Анализируя себя и свои поступки после этого разговора, Проскуряков в который уже раз поражался тому, как гибок человек и способен к самовыгораживанию. Он точно помнил строй тогдашних своих размышлений. Когда Пименов объяснил ему структуру предприятия и рассказал, что в основу дела положена категория дефицита, он долго сидел молча, неторопливо затягиваясь «Герцеговиной Флор». (Единственное, что он себе позволил, получив лишние деньги, так это сменить «Казбек» на «Герцеговину»: он чувствовал себя значительнее и спокойнее, когда курил эти папиросы.)

Он мог бы на этом этапе остаться прежним Проскуряковым – так казалось ему. Стоило только снять трубку и позвонить, куда следует звонить в таких случаях. Но он остановил себя, потому что не совсем точно понимал, куда именно в этом конкретном случае надо звонить. То ли в министерство, к Константину Павловичу, то ли сразу в милицию.

«В конце концов, – думал он, – факт получения мною этих проклятых шести тысяч недоказуем. А мои отказы на некоторые прошения Пименова лежат в архиве. Там же есть и его обращения в вышестоящие инстанции с жалобами на мои отказы. Выходит, я помогал ему под давлением сверху. И опять-таки недоказуемо, что именно я направлял его в эти стоящие надо мной инстанции и что именно я объяснял ему, как следует формулировать просьбы, мотивируя их требованиями технического прогресса и повышения производительности труда. Вой поднимет? Видимо. Ну снимут меня. Ну и что? Буду работать простым инженером. Впрочем, инженером меня не поставят – высшего образования нет. Вот где главный мой промах: все в кресло лез, все поскорей хотел выбиться в люди, а надо б институт кончить – диплом, он как железная кольчуга теперь. А, черт с ним, завхозом поставят, ну и что? Все свобода, а не тюрьма».
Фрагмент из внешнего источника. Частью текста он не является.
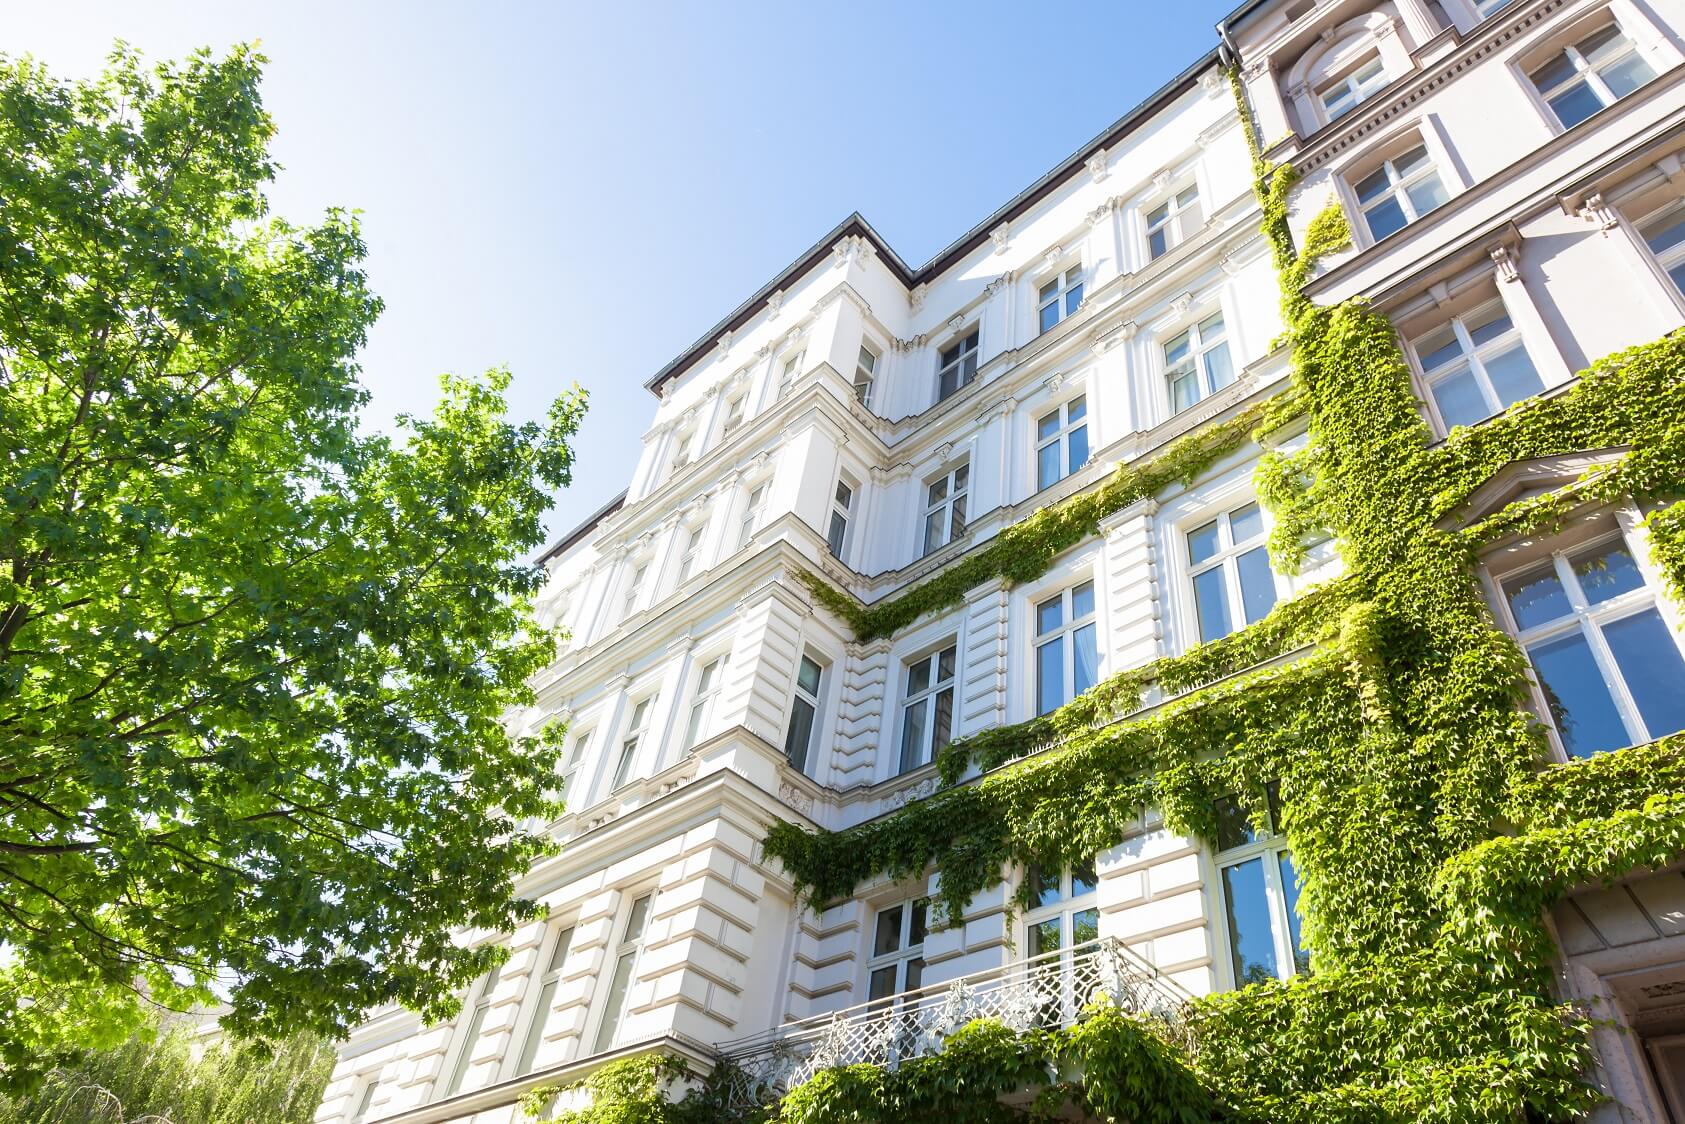 Blick von der Straße nach oben auf die weiße, teilweise mit Grünpflanzen bewachsene Fassade eines Mehrfamilienhauses
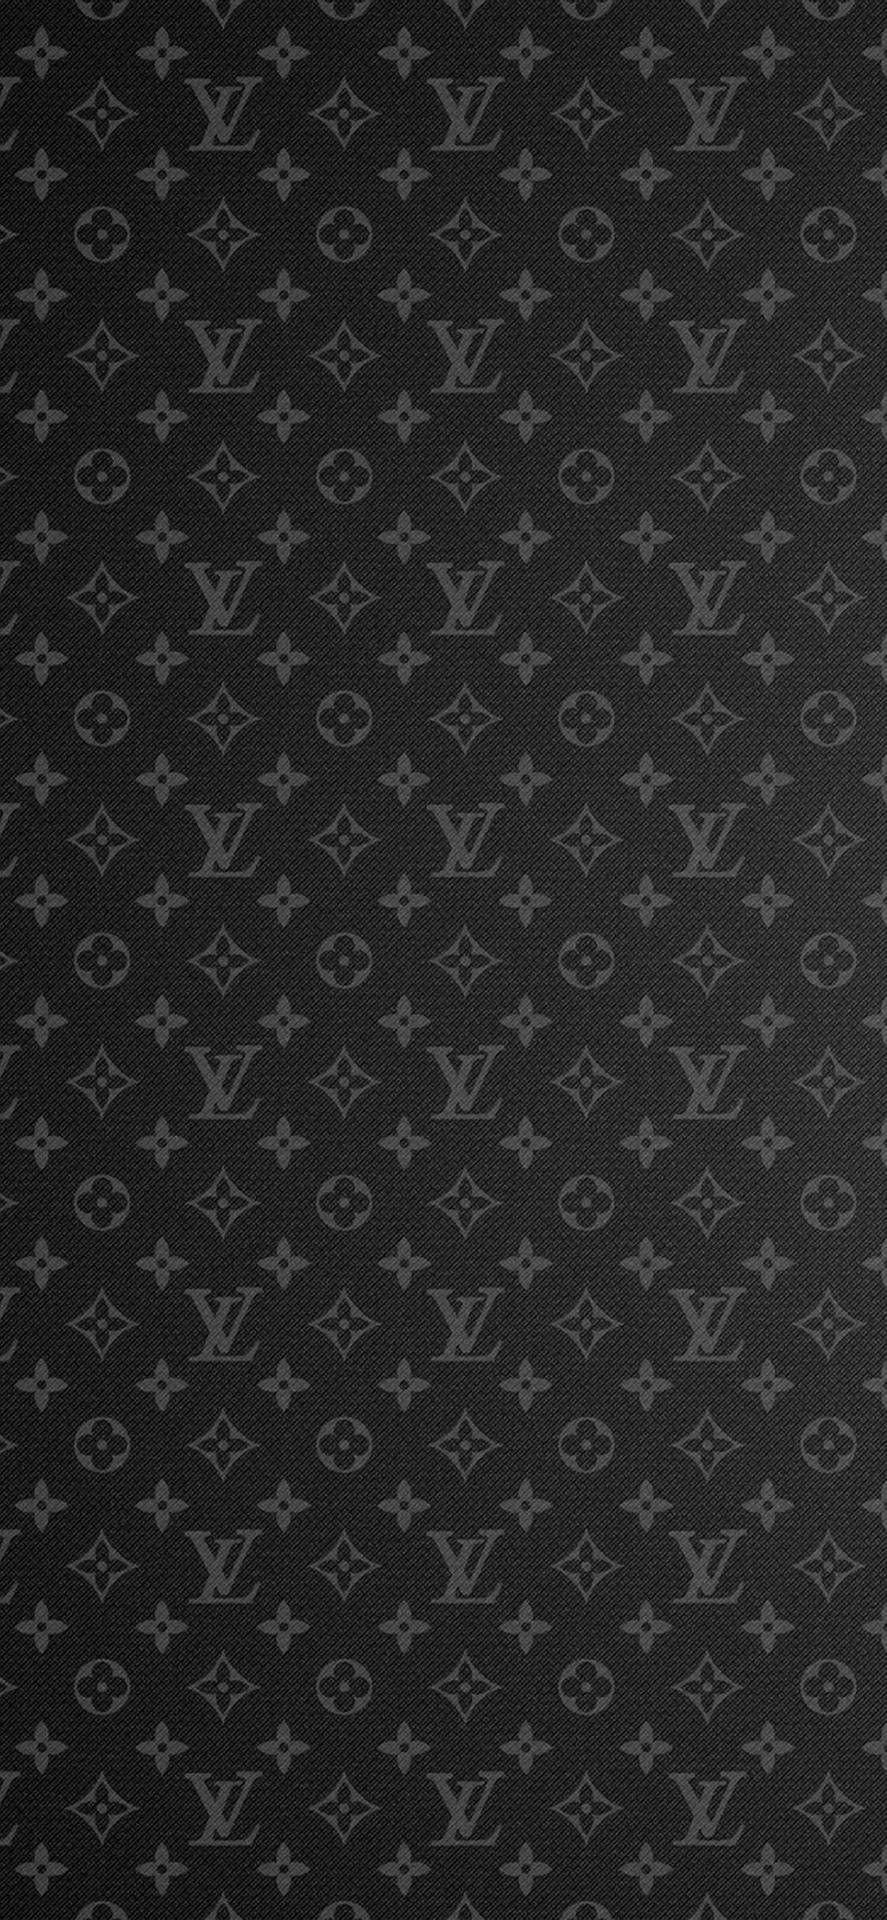 Luis Vuitton  Louis vuitton pattern, Louis vuitton iphone wallpaper, Cute  patterns wallpaper

Но он сразу же представил себе будущую жизнь свою – на восемьдесят рублей в месяц; жену, которая и так пилит его, что мало денег; он представил себе, что каждый вечер ему придется проводить дома, и не будет уже спасительных «совещаний», когда он мог спокойно бывать у Ольги, и не будет командировок по обмену опытом, куда он мог ездить вместе с ней, – словом, не будет всего того, к чему он привык за двадцать лет своей руководящей работы и особенно за три последних года, когда не надо было вертеться дома ужом, и выносить унизительные скандалы Ирины Петровны по поводу недоданных в семью денег, и выдумывать истории про вычеты за пользование государственным транспортом.

– Не дело ты затеял, Пименов, – сказал тогда Проскуряков. – Закроют твою контору, и помирать придется в лагере строгого режима.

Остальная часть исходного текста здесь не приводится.